I have rebased the patch, please see trac_9698_6.patch I hope it works now :)

Best, Fidel

### comment:17 follow-up: ↓ 18 Changed 9 years ago by ncohen

• Reviewers set to Nathann Cohen

Then I guess this is it ! I am adding a small patch with unimportant modifications, like adding backquotes, lists for enumerations, or changing the length of some lines. I also added a doctest, just in case. Whatever happens, I do not fear anything wrong from this method as it tests its output before returning it... Positive review to your patch ! Could you review mine ? `:-)`

Thanksssssss !!

Nathann

### comment:18 in reply to: ↑ 17 Changed 9 years ago by fidelbarrera

• Status changed from needs_review to positive_review

Your modifications look good. All doctests passed. Changing to positive review.

Thanks, Fidel

### comment:19 Changed 9 years ago by ncohen

• Description modified (diff)

### comment:20 Changed 9 years ago by jdemeyer

• Milestone changed from sage-4.6 to sage-4.6.1

### Changed 9 years ago by jdemeyer

same as trac_9698 - smallfixes.patch

### comment:21 Changed 9 years ago by jdemeyer

Please don't put spaces in patch filenames

### comment:22 Changed 9 years ago by jdemeyer

• Merged in set to sage-4.6.1.alpha0
• Resolution set to fixed
• Status changed from positive_review to closed

### comment:23 Changed 9 years ago by eviatarbach

• Status changed from closed to needs_work

Great patch! I was hoping for these functions.
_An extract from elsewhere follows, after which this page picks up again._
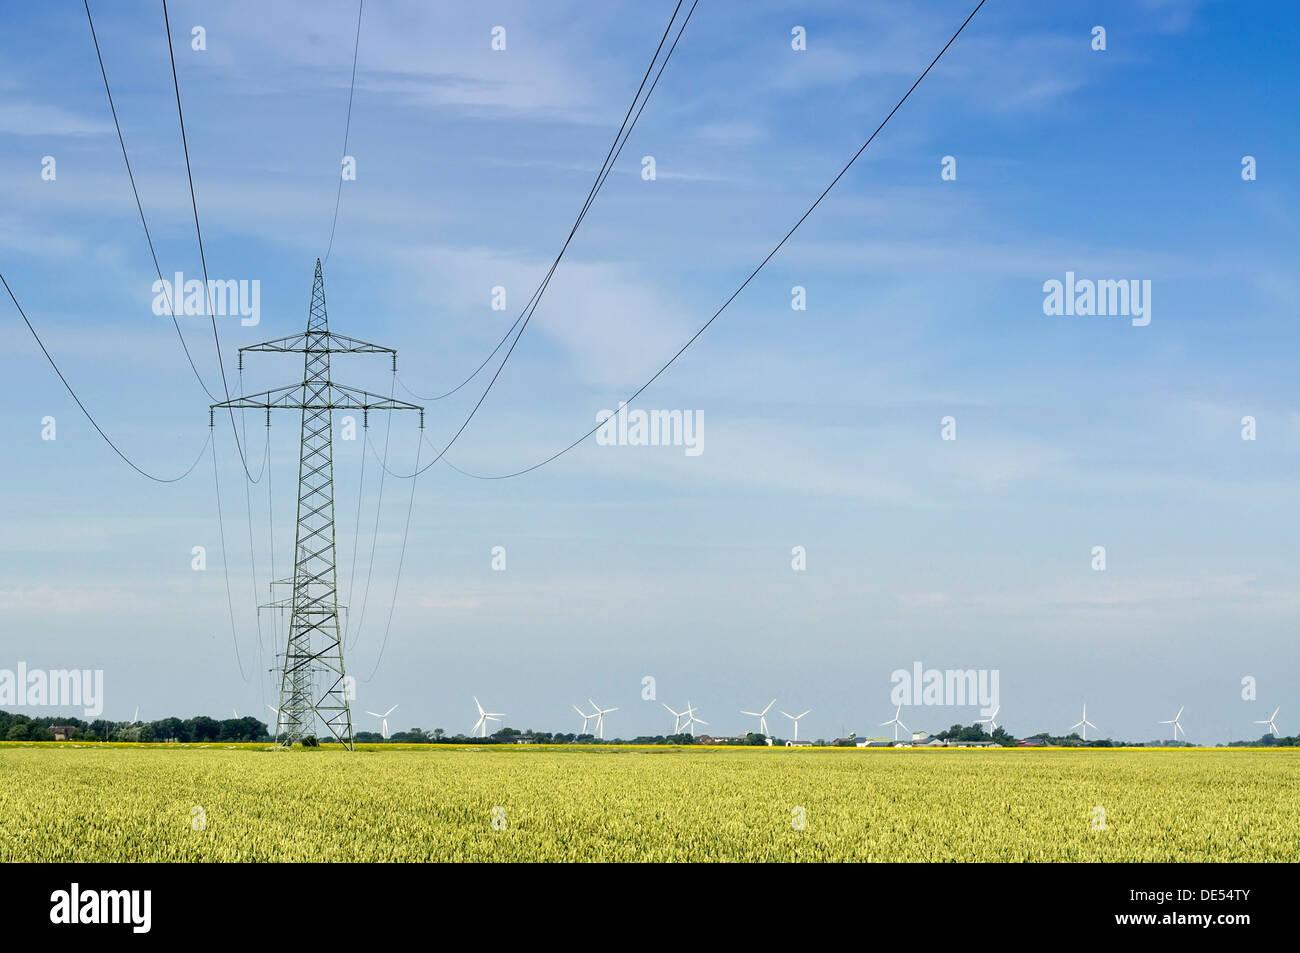 Netzanschluss und Strom einspeisen von onshore Wind Energy, 110-KV-Stromleitung in der gotteskoog Polder Stockbild

There are some spelling problems, though (these are all in the docstrings):

1. All instances of "hamiltonian" should be changed to "Hamiltonian". This is because Hamilton is a proper noun, and the capitalization transfers to the term (see here: http://mathworld.wolfram.com/HamiltonianCycle.html). "hypohamiltonian" should be left lower-case, though.
2. "neccesary" should be "necessary"
3. "non hamiltonian" should be "non-Hamiltonian" (note the dash)
4. "Dodecahedral" should not be capitalized; "dodecahedral"
5. "Running the algorithm on random instances, just to make sure the answers are still satisfiable path". Should be "paths".